- **Problem**
Return all of the entries below exactly as they are given.

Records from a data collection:
= Beginning of Section =

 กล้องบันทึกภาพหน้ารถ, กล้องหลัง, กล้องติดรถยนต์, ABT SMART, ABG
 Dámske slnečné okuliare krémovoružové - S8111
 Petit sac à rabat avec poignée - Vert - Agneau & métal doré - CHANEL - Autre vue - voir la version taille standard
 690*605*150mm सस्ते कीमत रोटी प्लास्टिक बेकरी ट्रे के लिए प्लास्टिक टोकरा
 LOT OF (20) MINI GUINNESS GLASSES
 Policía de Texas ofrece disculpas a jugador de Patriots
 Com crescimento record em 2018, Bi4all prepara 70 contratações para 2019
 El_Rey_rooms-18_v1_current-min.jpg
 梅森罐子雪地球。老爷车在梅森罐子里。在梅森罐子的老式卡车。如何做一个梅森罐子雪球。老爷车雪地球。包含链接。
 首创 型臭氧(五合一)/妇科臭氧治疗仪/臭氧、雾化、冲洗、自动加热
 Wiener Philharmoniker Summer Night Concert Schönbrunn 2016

= End of Section =

- **Result of the task**
 กล้องบันทึกภาพหน้ารถ, กล้องหลัง, กล้องติดรถยนต์, ABT SMART, ABG
 Dámske slnečné okuliare krémovoružové - S8111
 Petit sac à rabat avec poignée - Vert - Agneau & métal doré - CHANEL - Autre vue - voir la version taille standard
 690*605*150mm सस्ते कीमत रोटी प्लास्टिक बेकरी ट्रे के लिए प्लास्टिक टोकरा
 LOT OF (20) MINI GUINNESS GLASSES
 Policía de Texas ofrece disculpas a jugador de Patriots
 Com crescimento record em 2018, Bi4all prepara 70 contratações para 2019
 El_Rey_rooms-18_v1_current-min.jpg
 梅森罐子雪地球。老爷车在梅森罐子里。在梅森罐子的老式卡车。如何做一个梅森罐子雪球。老爷车雪地球。包含链接。
 首创 型臭氧(五合一)/妇科臭氧治疗仪/臭氧、雾化、冲洗、自动加热
 Wiener Philharmoniker Summer Night Concert Schönbrunn 2016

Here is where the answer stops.